Quando la Scrittura è un idolo, di Vittorio Messori

Il caso della Bibbia che fu ufficiale dal XVII secolo nel mondo anglosassone, la King James Version, dimostra molto bene i rischi della concezione protestante che vede la Rivelazione solo nelle Scritture, cancellando la Tradizione.

Catechismo 23_01_2022

Citiamo Julian Green, lo scrittore membro dell’Académie Franḉaise ma di origine americana e convertito dal protestantesimo al cattolicesimo. Osserva, Green, che, se programma delle Chiese nate dalla Riforma è il Sola Scriptura (la Bibbia soltanto, senza Tradizione e Magistero), resta però da chiedersi: «Quale Scrittura?».

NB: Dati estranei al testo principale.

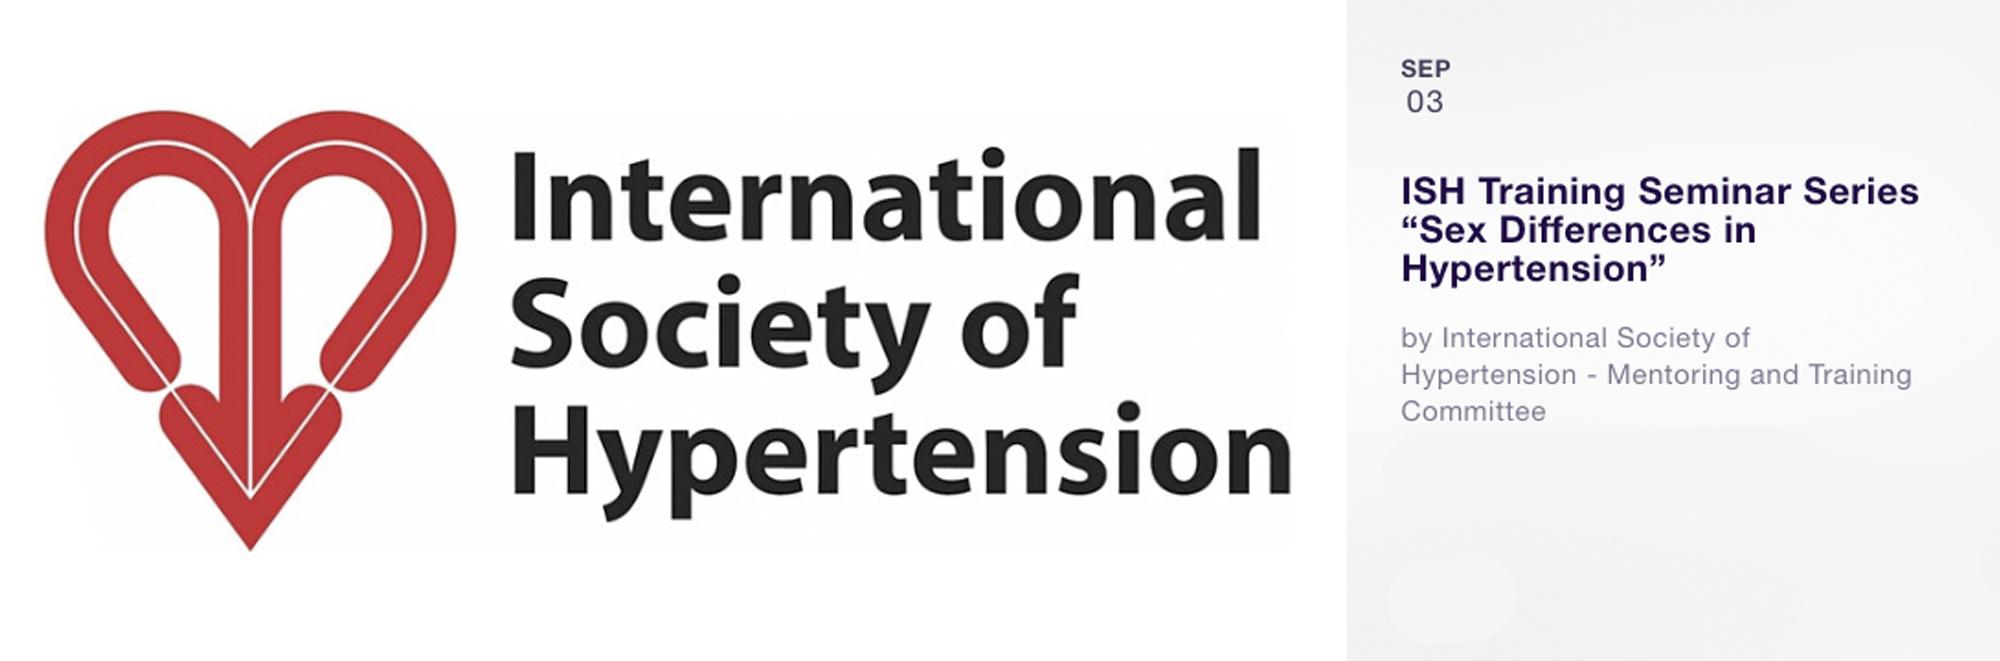 "International Society of Hypertension Training Seminar Series ""Sex Differences in Hypertension"""

In effetti, dal 1661, tutto il vastissimo mondo anglosassone basò la sua fede sulla King James Version, la traduzione compiuta per ordine del re Giacomo I. Era la Bibbia ufficiale (The Authorised Version) che anche quando – ma soltanto 220 anni dopo, nel 1881 – fu sostituita da una nuova traduzione, la Revised Version, conservò il suo prestigio: ancor oggi, gente colta del Commonwealth e degli Stati Uniti legge e cita la Bibbia solo «secondo Re Giacomo». In effetti, si tratta di una traduzione magnifica dal punto di vista letterario ma, sul piano dei contenuti, piena di errori, equivoci, persino refusi tipografici che si tramandarono inalterati di ristampa in ristampa. Green cita, tra i molti esempi di errori di stampa, Mt 23,24, dove lo scambio, in tipografia, di un at con un out rovescia addirittura il senso di una frase di Gesù. Con conseguenze che solo Dio conosce.

Certo: anche la Bibbia paga il suo scotto al peccato umano, a quell’aspetto non secondario della colpa primigenia che è la maledizione di Babele. Così, non è esente da difetti la Vulgata cattolica che, in effetti, è stata anch’essa rivista in tempi recenti.

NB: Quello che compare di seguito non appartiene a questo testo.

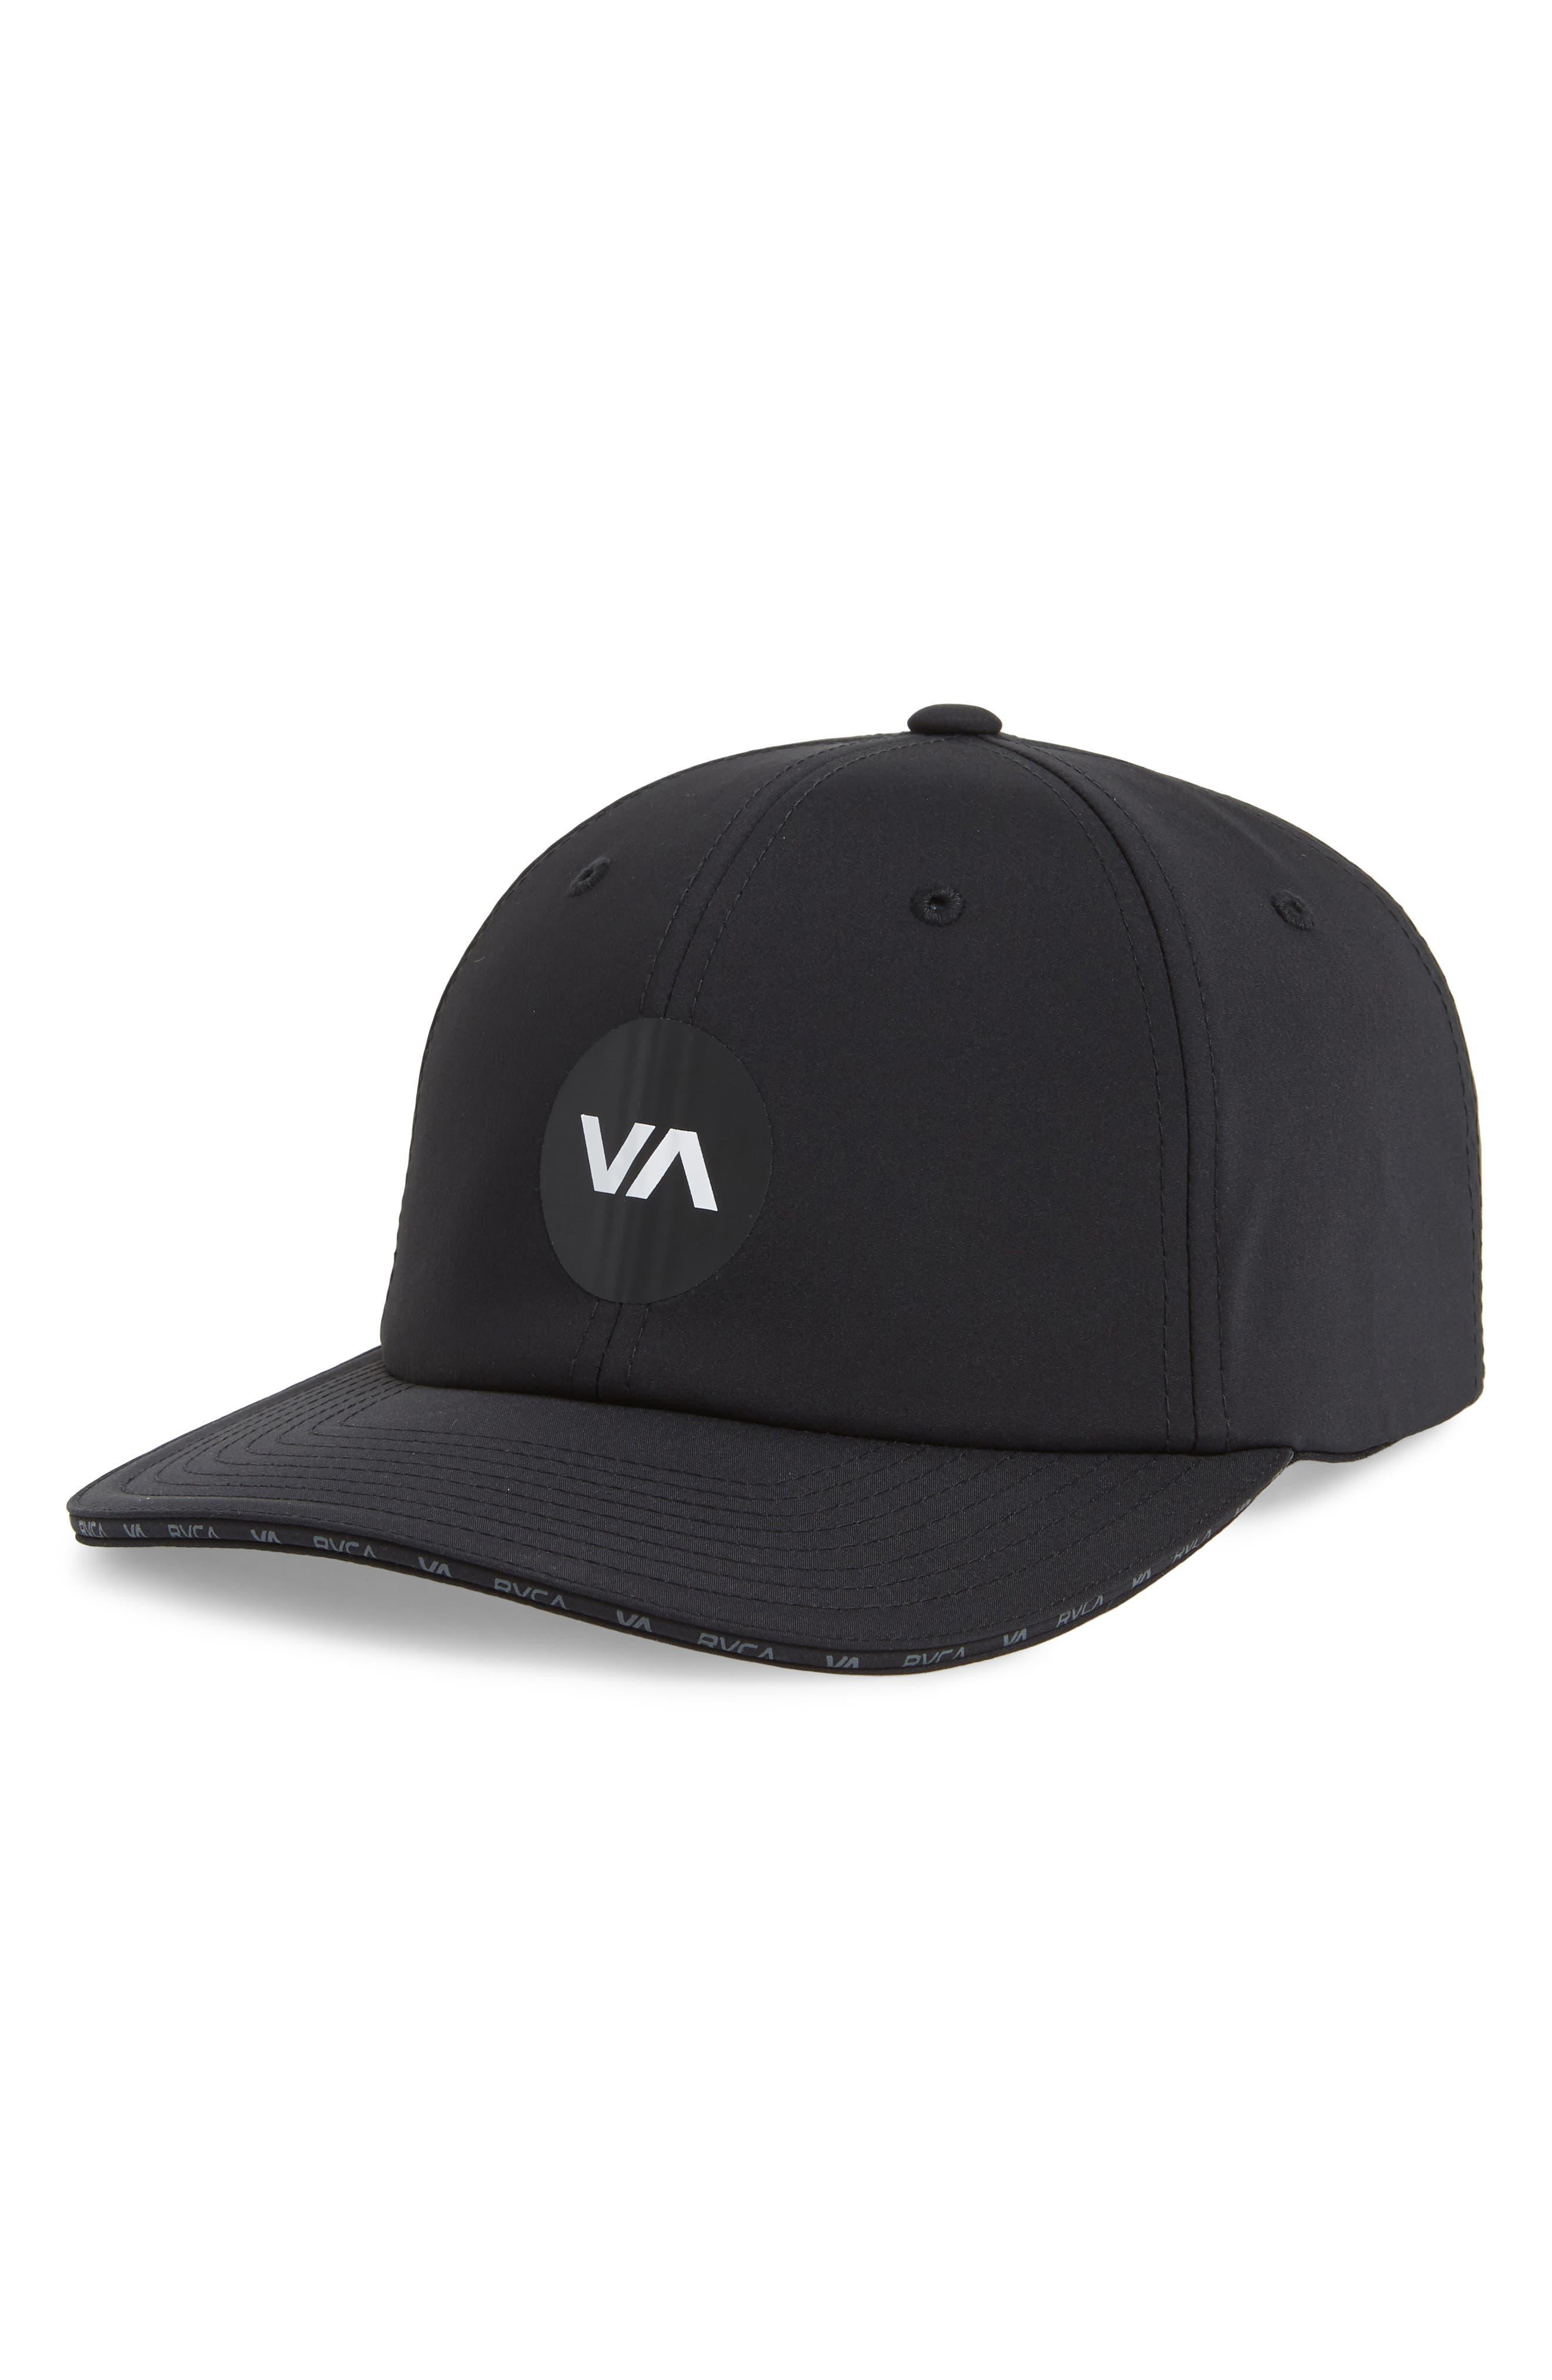 Gym Trainer Ball Cap,                         Main,                         color, Black

Ma il fatto è che, nel «sistema» cattolico, la scrittura non è quella sorta di idolo unico e solitario in cui è stata trasformata dalla Riforma: per il cattolicesimo essa è la base della fede, ma è solo una delle due fonti della Rivelazione, l’altra fonte essendo la Tradizione. Poiché è alla luce del Magistero che la Parola di Dio va letta, non sarà l’errore o l’equivoco del traduttore a trarre in inganno la fede. Fede che, invece, per il protestante, non ha che quelle parole: e se sono (come talvolta sono) equivocate? E se per tanti secoli il pio credente riformato ha nutrito la sua riflessione o ha regolato la sua condotta su quello che non sapeva essere un errore di stampa?

Da qui, anche, la convinzione con cui l’anglicano pentito Green dice di ripetere spesso la frase famosa di sant’Agostino: «Non crederei al vangelo se non credessi all’autorità della Chiesa».